Louis Mountbatten is Killed by an IRA Bomb While Vacationing

The IRA claim responsibility for the execution of Lord Louis Mountbatten. This operation is one of the discriminate ways we can bring to the attention of the English people the continuing occupation of our country.”

— The IRA

Mountbatten usually holidayed at his summer home in Mullaghmore, County Sligo, a small seaside village between Bundoran, County Donegal and Sligo, County Sligo on the northwest coast of Ireland. Bundoran was a popular holiday destination for volunteers of the IRA, many of whom were aware of Mountbatten's presence and movements in Mullaghmore. Despite security advice and warnings from the Garda Síochána, on 27 August 1979, Mountbatten went lobster potting in a thirty-foot (10 m) wooden boat, the Shadow V, which had been moored in the harbour at Mullaghmore. An IRA member named Thomas McMahon had slipped onto the unguarded boat that night and attached a radio-controlled fifty-pound (23 kg) bomb. When Mountbatten was on the boat en route to Donegal Bay, McMahon detonated the bomb from shore. Mountbatten was seriously wounded and died soon after the blast by drowning while unconscious in the bay. Others killed in the blast were Nicholas Knatchbull, his elder daughter's 14-year-old son; Paul Maxwell, a 15-year-old youth from County Fermanagh who was working as a crew member; and Baroness Brabourne, his elder daughter's 83-year-old mother-in-law who was seriously injured in the explosion, and died from her injuries the following day. Nicholas Knatchbull's mother and father, along with his twin brother Timothy, survived the explosion but were seriously injured.

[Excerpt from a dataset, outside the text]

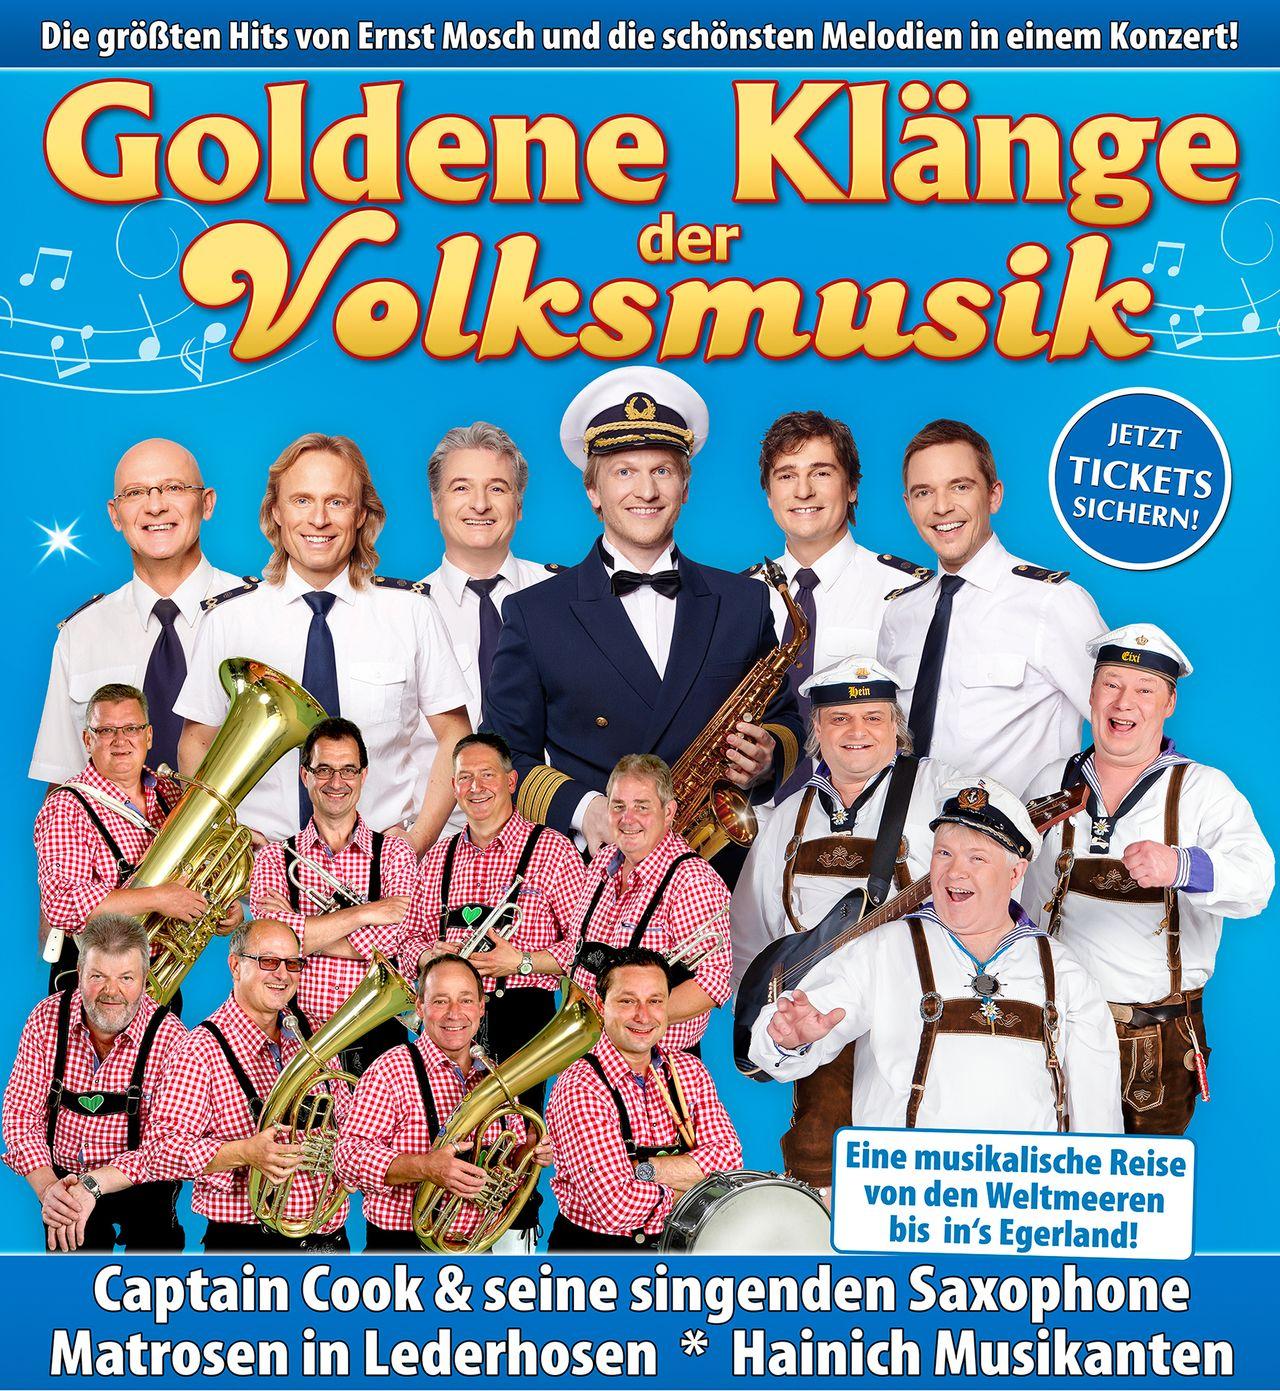 Die größten Hits von Ernst Mosch und die schönsten Melodien in einem Konzert.

On the same day Mountbatten was assassinated, the IRA also ambushed and killed eighteen British Army soldiers, sixteen of them from the Parachute Regiment at Warrenpoint, County Down in what became known as the Warrenpoint ambush. After this action, graffiti proclaiming "Bloody Sunday's Not Forgotten, We Got Eighteen And Mountbatten" was seen in some Republican areas in Ireland.

Prince Charles took Mountbatten's death particularly hard, remarking to friends that things were never the same after losing his mentor. It has recently been revealed that Mountbatten had been favourable towards the eventual reunification of Ireland.

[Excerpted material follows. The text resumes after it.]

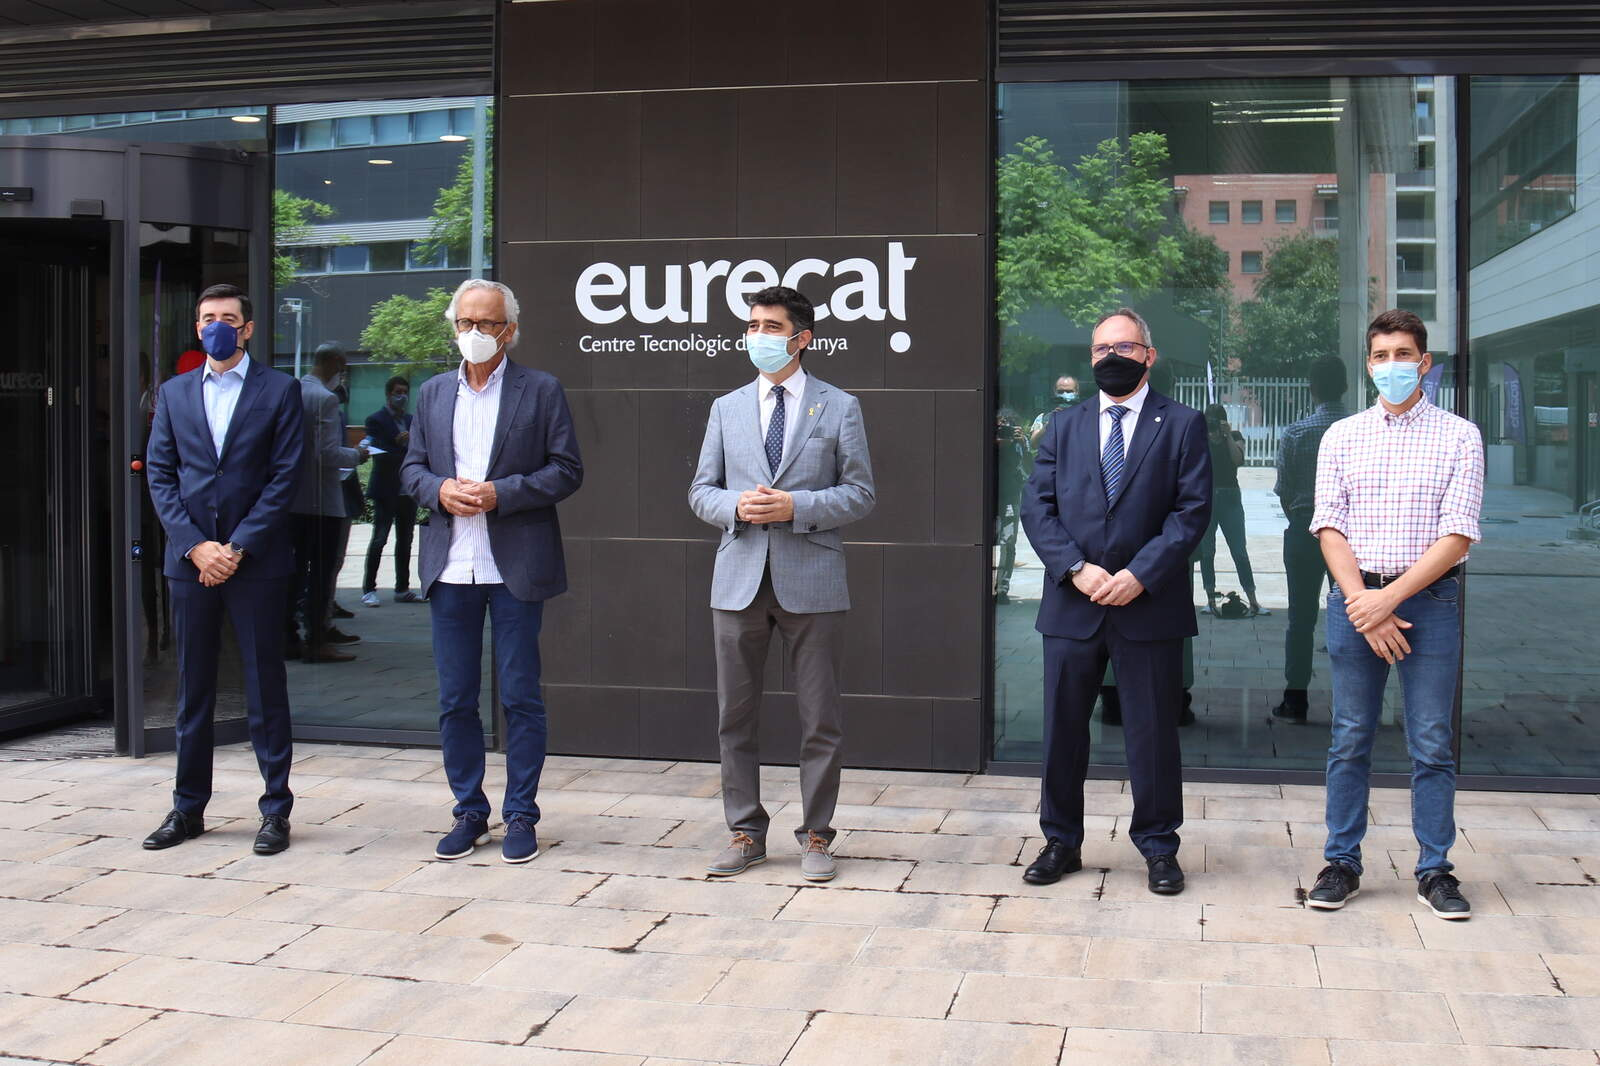 Jordi Puigneró, Oriol Mitjà i Bonaventura Clotet han estat entre els participants de la presentació a la seu de l'Eurecat

The IRA gave clear reasons for the execution. I think it is unfortunate that anyone has to be killed, but the furor created by Mountbatten's death showed up the hypocritical attitude of the media establishment. As a member of the House of Lords, Mountbatten was an emotional figure in both British and Irish politics. What the IRA did to him is what Mountbatten had been doing all his life to other people; and with his war record I don't think he could have objected to dying in what was clearly a war situation. He knew the danger involved in coming to this country. In my opinion, the IRA achieved its objective: people started paying attention to what was happening in Ireland.”